The majority of people relate viruses with diseases that affect plants and animals only, what we don’t know is that being the smallest living entity in the universe, viruses are capable of infecting other microorganisms like bacteria. Having viruses affecting bacteria has proven to be beneficial to the human race, especially in recent years where there was a rise in antibiotics resistance and they are used as antibiotics alternatives. These viruses are known as bacteriophages and sometimes termed as phages in short form, these entities are of variety and infect every kind of bacteria that has so far been discovered by scientists while maintaining their specificity (meaning every bacteria has got a certain variety of phages that can specifically infect its strain). Bacteria being well known for their diseases doesn’t mean all of them cause one, and in fact, we have a lot of bacteria that are beneficial to our lives either direct or indirect. Just to mention a few some bacteria help in nitrogen fixation in plants, decomposition, act as normal flora on our skins and stomachs and some are even used in food processing.
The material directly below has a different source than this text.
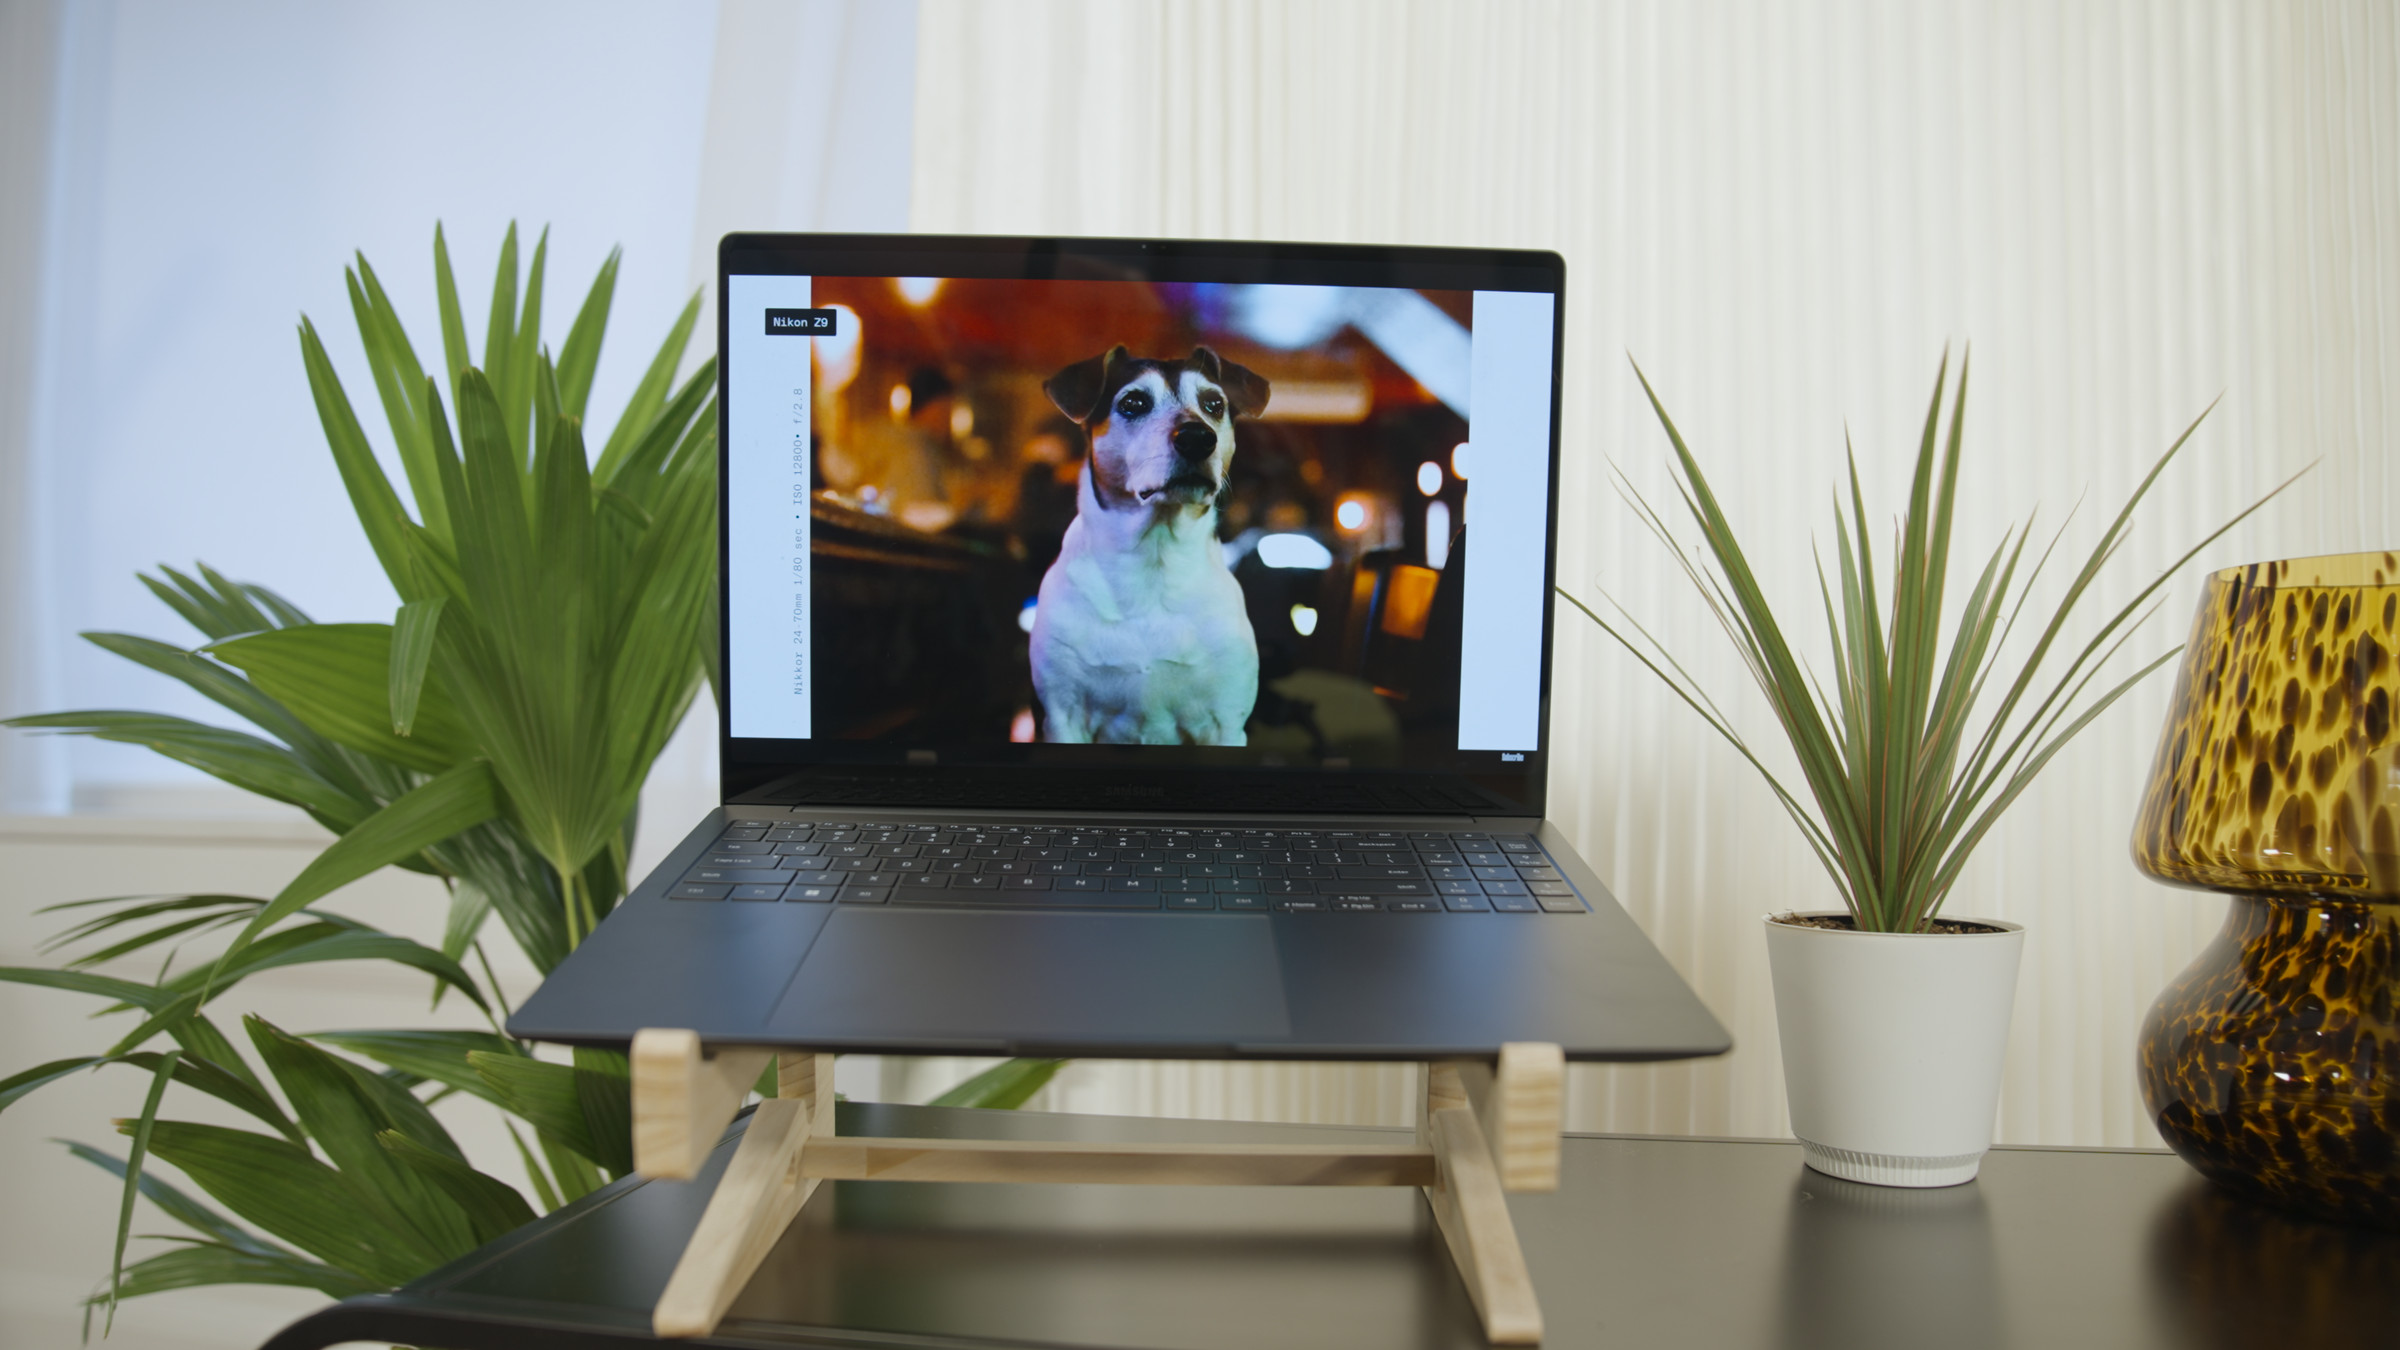 The Samsung Galaxy Book3 Ultra seen from the front with houseplants on either side. The screen displays a picture of a dog.

Lactic acid bacteria (LAB) are among the most beneficial microorganisms in the food industry. These microorganisms produce lactic acid from sugar fermentation. For this reason, they have been used for thousands of years in the production of fermented milk products, like yogurt and cheese, among others. Just like other bacteria, they are also prone to attacks, phages penetrate their genetic materials and command the bacteria to act as a piece of machinery for making viral copies before the cell burst and die off to release new particles.
Dairy products. photo by Change food

Effect of Lactic Acid Bacteria on milk during processing

The LABs trigger a microbial process where they transform the –sugar in milk- into lactic acid. That acid modifies the structure of the milk proteins making them curdle and reproducing the same effect on the product’s texture. Besides, it provides the milk with that characteristic slightly bitter taste. It was proved that these microorganisms provide beneficial effects on the health of those who consume them. Furthermore, it supplements the health of the bacterium present in the intestinal flora promoting the good performance of the digestive system. For this reason, they are very important for the dairy industry considering the context of growing interest in the market of probiotic products.


Effect of phage on the action of Lactic Acid Bacteria (LAB) during milk processing

Phage activity causes decreased starter (Starter is a set of LAB bacteria that are readily available to initiate the fermentation process) activity in cheese and fermented milk manufacturing, resulting in fermentation in which acid production is markedly reduced or, in extreme cases, totally blocked. This failure in fermentation develops low-quality products that are not safe from a microbiological point of view because they can contain contaminants and/or pathogens that do not have to compete with the lactic bacteria that protect the product (probiotic way).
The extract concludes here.